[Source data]
┄┄┄┄┄┄

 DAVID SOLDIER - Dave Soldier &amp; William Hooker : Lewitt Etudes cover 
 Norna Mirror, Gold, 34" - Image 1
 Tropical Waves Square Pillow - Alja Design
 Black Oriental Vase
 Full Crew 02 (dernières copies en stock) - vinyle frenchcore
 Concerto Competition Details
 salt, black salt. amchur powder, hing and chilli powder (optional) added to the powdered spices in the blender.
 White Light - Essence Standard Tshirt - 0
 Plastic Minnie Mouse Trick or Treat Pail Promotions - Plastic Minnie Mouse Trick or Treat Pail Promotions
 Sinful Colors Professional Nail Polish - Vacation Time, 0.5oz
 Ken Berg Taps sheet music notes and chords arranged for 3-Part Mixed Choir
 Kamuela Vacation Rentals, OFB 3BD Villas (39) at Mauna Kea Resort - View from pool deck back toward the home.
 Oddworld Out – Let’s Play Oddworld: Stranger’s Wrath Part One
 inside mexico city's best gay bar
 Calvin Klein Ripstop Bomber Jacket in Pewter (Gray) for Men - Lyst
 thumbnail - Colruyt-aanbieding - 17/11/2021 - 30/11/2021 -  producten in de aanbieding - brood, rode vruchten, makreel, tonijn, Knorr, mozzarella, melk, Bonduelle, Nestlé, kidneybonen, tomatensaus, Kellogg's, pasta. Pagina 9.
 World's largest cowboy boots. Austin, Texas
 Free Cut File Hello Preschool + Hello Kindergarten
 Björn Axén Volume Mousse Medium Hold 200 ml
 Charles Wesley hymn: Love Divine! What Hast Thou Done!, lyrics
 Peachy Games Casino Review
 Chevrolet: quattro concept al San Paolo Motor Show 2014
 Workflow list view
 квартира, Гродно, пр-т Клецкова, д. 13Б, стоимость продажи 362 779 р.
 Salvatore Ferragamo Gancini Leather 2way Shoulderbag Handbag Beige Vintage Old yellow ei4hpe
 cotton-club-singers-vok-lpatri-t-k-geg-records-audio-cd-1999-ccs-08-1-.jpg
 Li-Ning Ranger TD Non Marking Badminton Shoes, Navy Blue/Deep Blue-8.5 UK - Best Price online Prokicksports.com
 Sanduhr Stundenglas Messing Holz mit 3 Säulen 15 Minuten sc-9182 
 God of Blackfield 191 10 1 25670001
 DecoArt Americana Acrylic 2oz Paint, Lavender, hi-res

┄┄┄┄┄┄

TASK TO CARRY OUT:
Go through the entries and return each line where the word "Part" appears.

TASK RESPONSE:
 Ken Berg Taps sheet music notes and chords arranged for 3-Part Mixed Choir
 Oddworld Out – Let’s Play Oddworld: Stranger’s Wrath Part One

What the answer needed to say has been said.